Absolutely must-read thread from this point onwards:

http://forums.insertcredit.com/viewtopi ... 885#284885

Highlights:

Jon R. wrote:Yes, ignore me and be enthralled by the description of art composition with scoring. Apparently the player could just, you know, go make something, but with this revolutionary idea he will now want to be scored on it by an algorithm which i'm sure will make sense. Also, despite being a game with a score that's directly related to the player's actions, it will somehow not be the guiding factor in the player's actions. Afterall, it's the "clear intentions" that are the determining factor, so surely that won't influence anything. The player can make whatever he pleases... as long as it's withing the dictated parameters.

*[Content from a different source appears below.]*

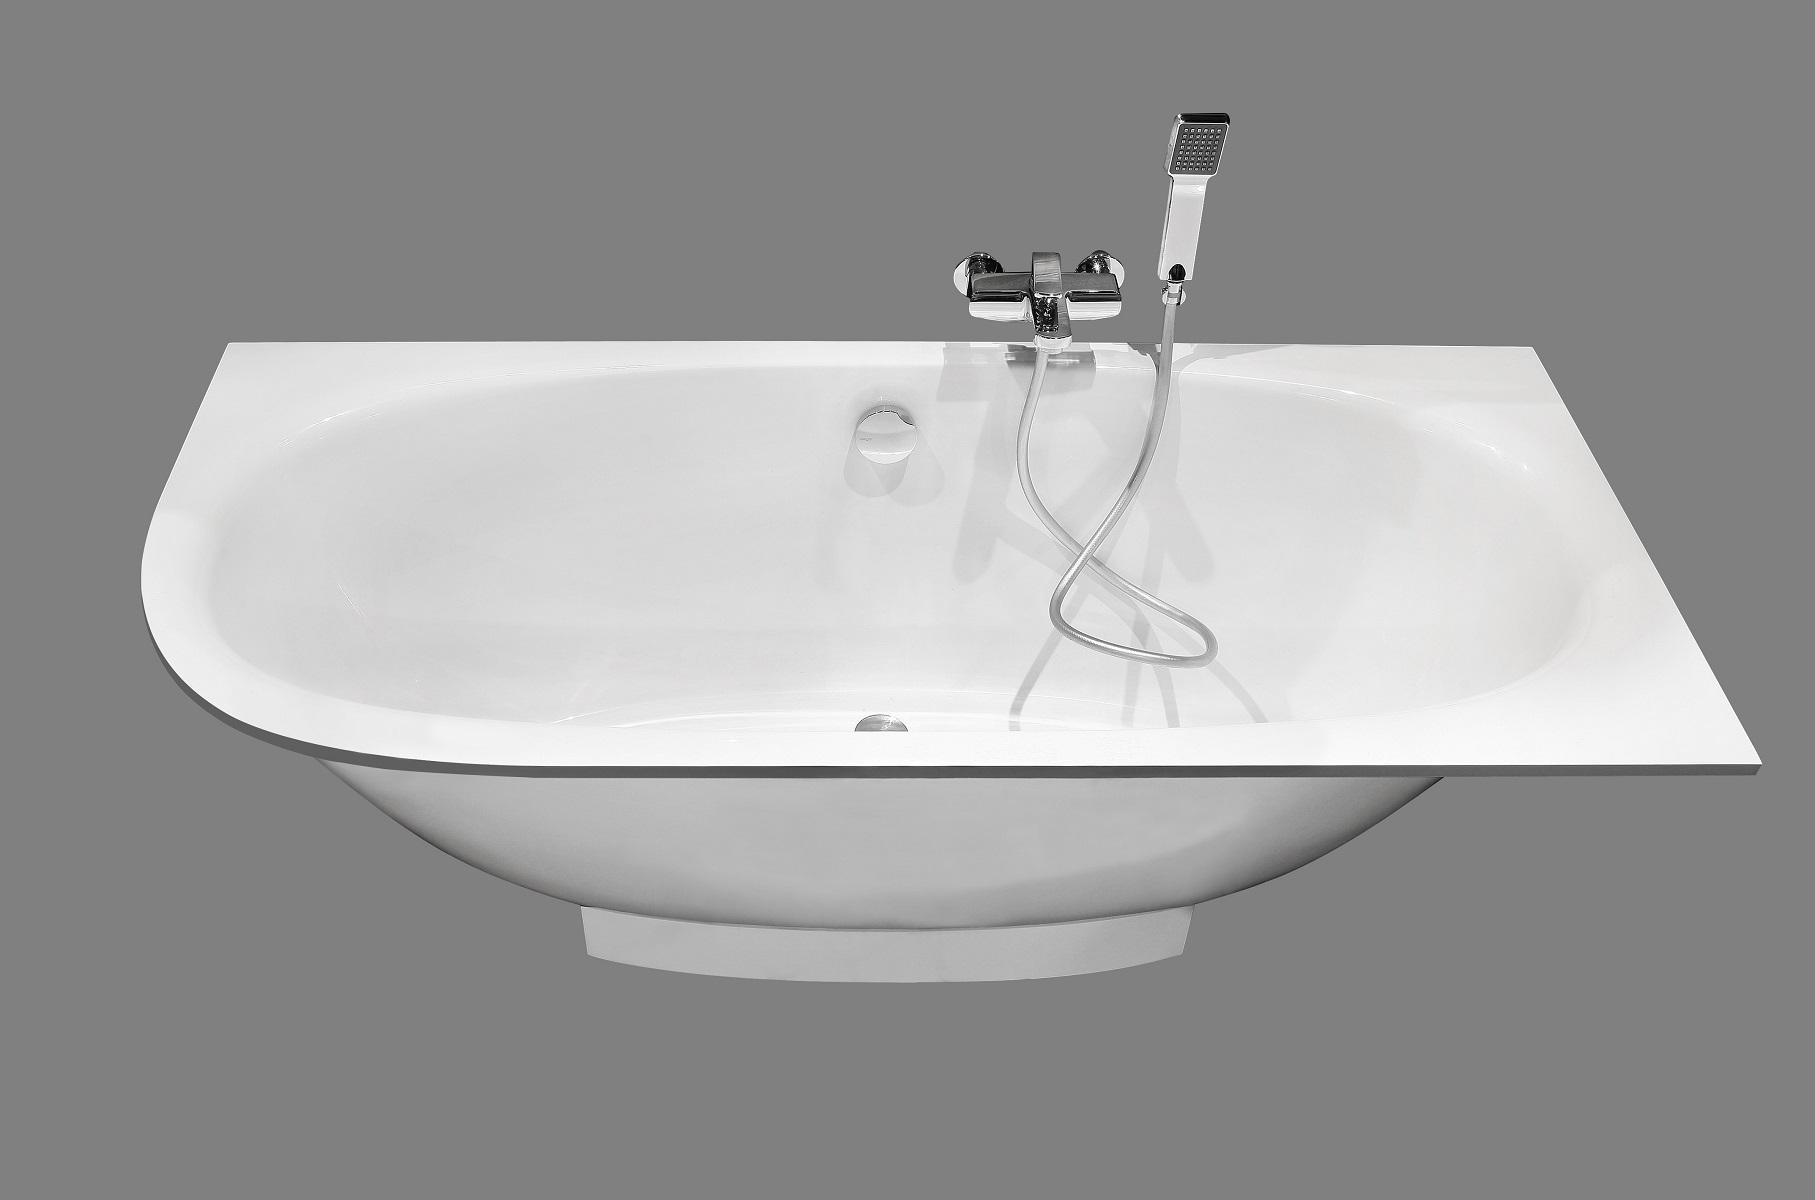 Vasca Da Bagno I Inglese : Homemay pvc adesivi da parete inglese splish scimmia baby bagno

Fuckin' aspies are everywhere these days.


Koji wrote:You're projecting on the few words I spent describing my game, and you call me an aspie? What a joke of a troll.


Jon R. wrote:Is that what they call those who point out ridiculous contradictions? I know you're that sort of old-IC sort that cums at the mere idea that up can be down if you just squinch your eyes and wish hard enough, but to those for whom language still has meaning i pretty much repeated what you said with a much needed sense of irony.

Unless your magical game isn't going to have an arbitrary evaluation method that makes itself completely irrelevant by design. Or maybe your point is that even you don't know what the fuck you just said.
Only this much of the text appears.